By 2037 the number of people aged 65 to 84 will increase by 42% while those over aged 85 will nearly double. 
 

The number of people in Cardiff with dementia is estimated to increase by 67% for those aged 65+ and by 85% for those aged 85+ over the period 2015 to 2035. This together with more cases of age-related health conditions and mobility issues will put pressures on Social Care services and budgets.

Research findings show the benefits of suitable older persons’ housing in supporting independence and reducing need for residential care, with associated savings to Health and Social Care budgets.

The cost of Extra Care housing is on average 57% of the weekly cost of residential care.

We need to maximise the preventative benefits of housing and maximise use of specialist accommodation to make more effective use of the resources available.




There is limited extra care housing outside the north and west of the city.

There is an estimated additional need for 3,051 units of older person’s accommodation by 2035. This increase is broken down as follows: 

- Older Persons’ housing – 1787 units (353 rental, 1434 ownership) 

- Housing with care – 609 units (232 rental, 377 ownership) 

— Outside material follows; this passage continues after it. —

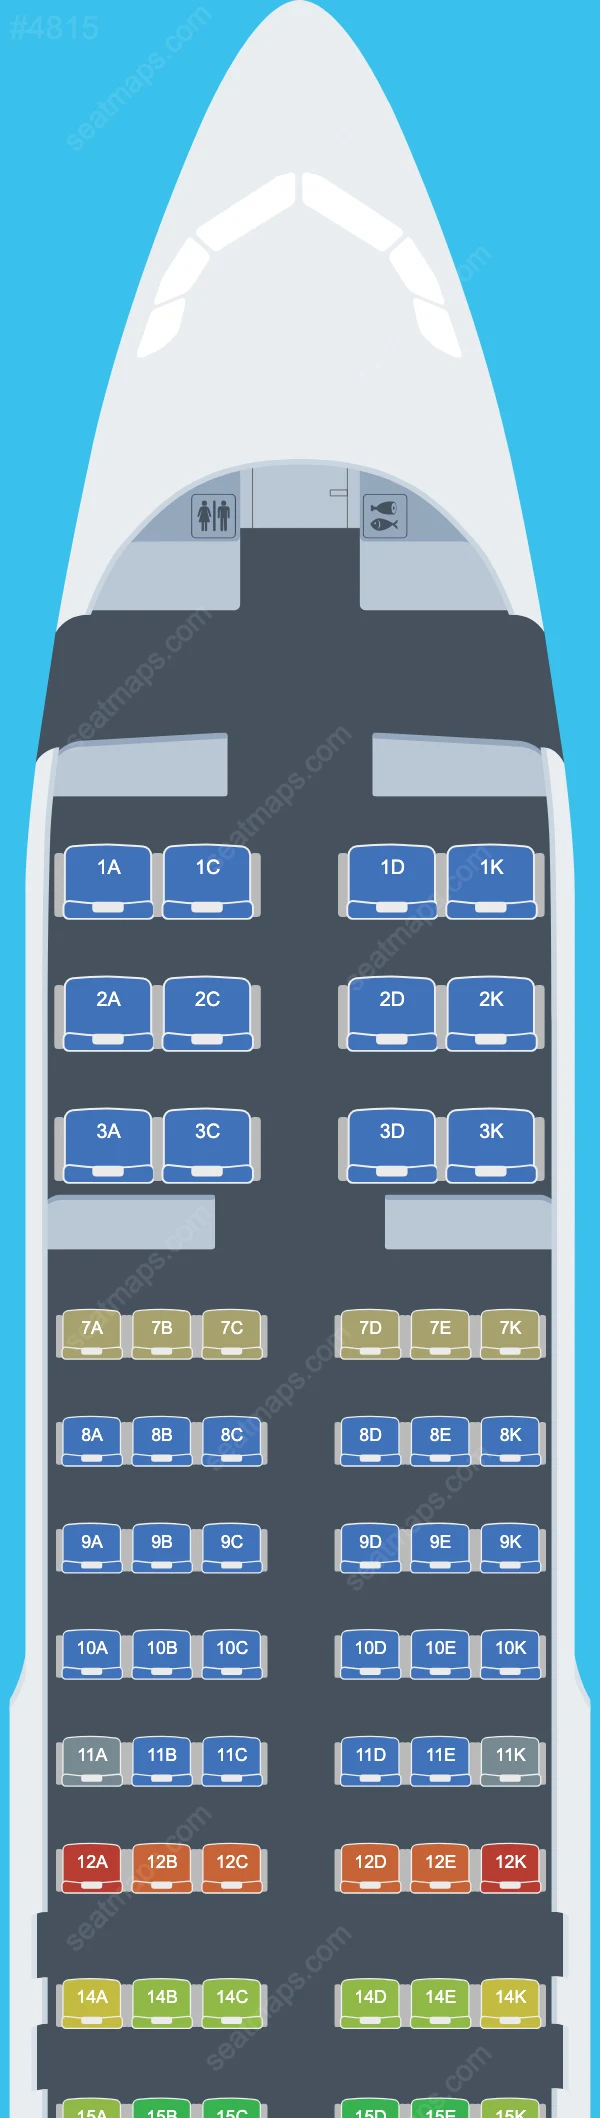 Avianca Airbus A320 Seat Maps A320-200 V.3
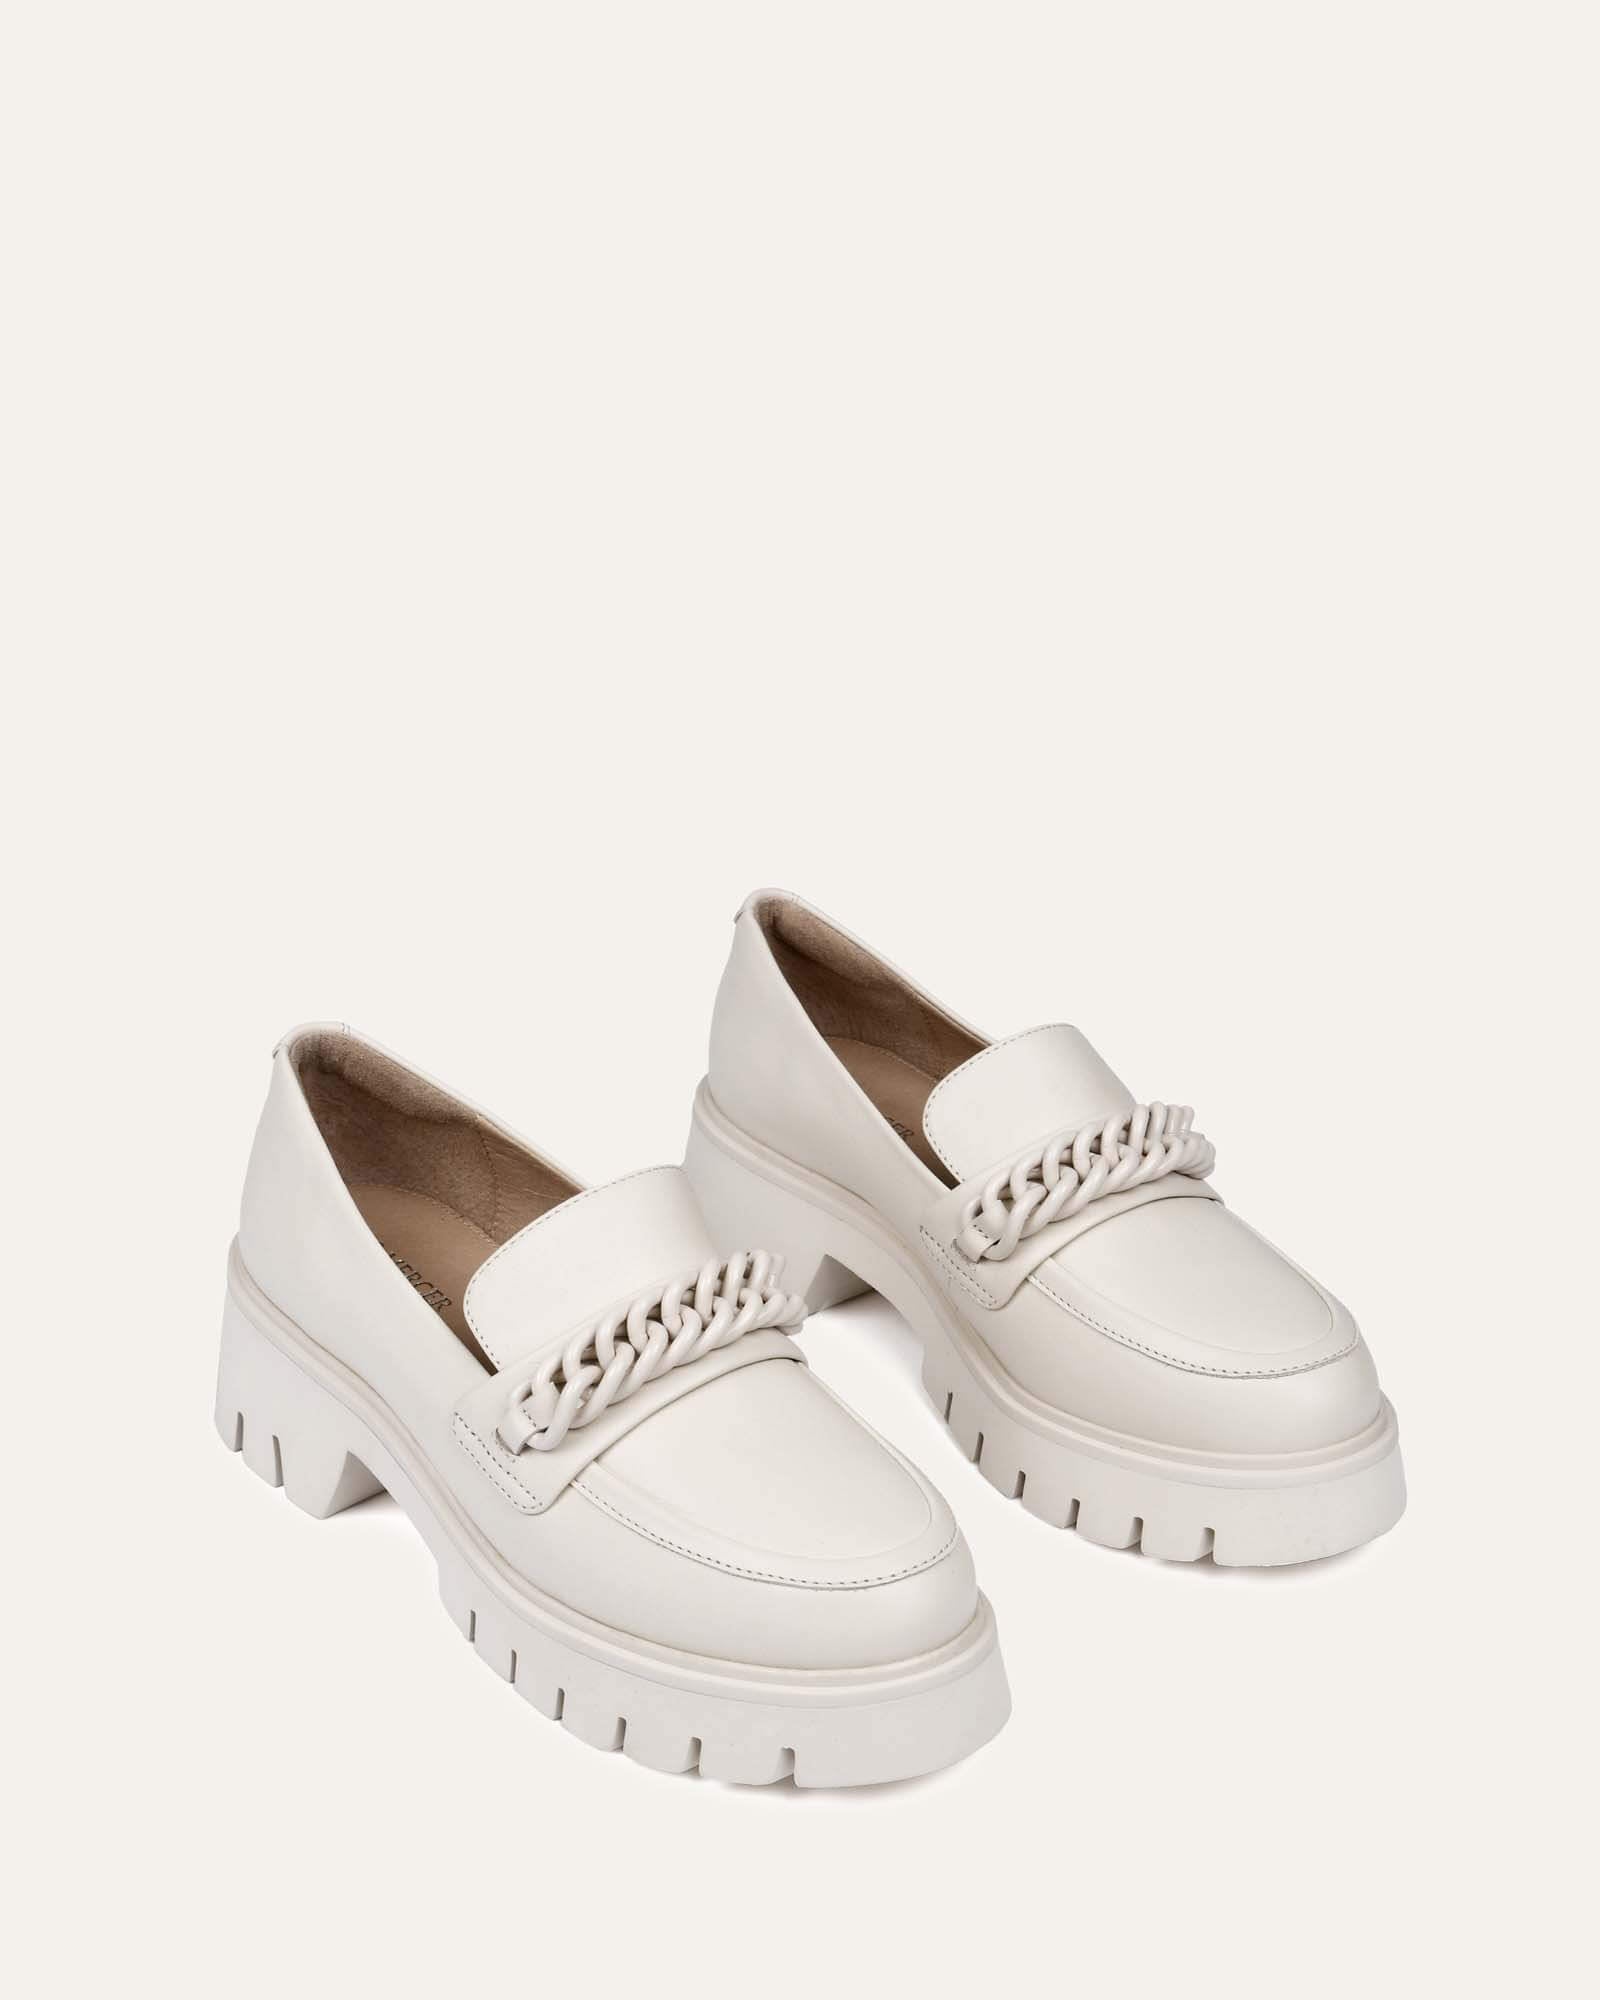 BRODIE LOAFERS OFF WHITE LEATHER - Jo Mercer

- Nursing care – 655 beds 

We are uncertain about the condition of current older persons’ housing in the social sector and the facilities offered, we need to understand how well these properties can meet the future needs of the older population.

28% of older people surveyed were planning a move within the next 5 years, most wanted a 2 bedroom property, (58%). Specialist older persons’ accommodation was more popular among those who were renting than those who owned their own home.


A range of schemes for building new older person/care ready affordable homes are already planned and these will deliver 741 new homes by 2030 of which 434 will be Council homes, 207 Registered Social Landlord homes and 100 homes for older people to buy. ​

If all schemes go ahead this will exceed the estimated additional need for rented accommodation of 585 units. However, it is unlikely that all existing older persons’ accommodation will meet future requirements and we may need to stop using some of it. Therefore, we will continue to look for ways to improve future housing.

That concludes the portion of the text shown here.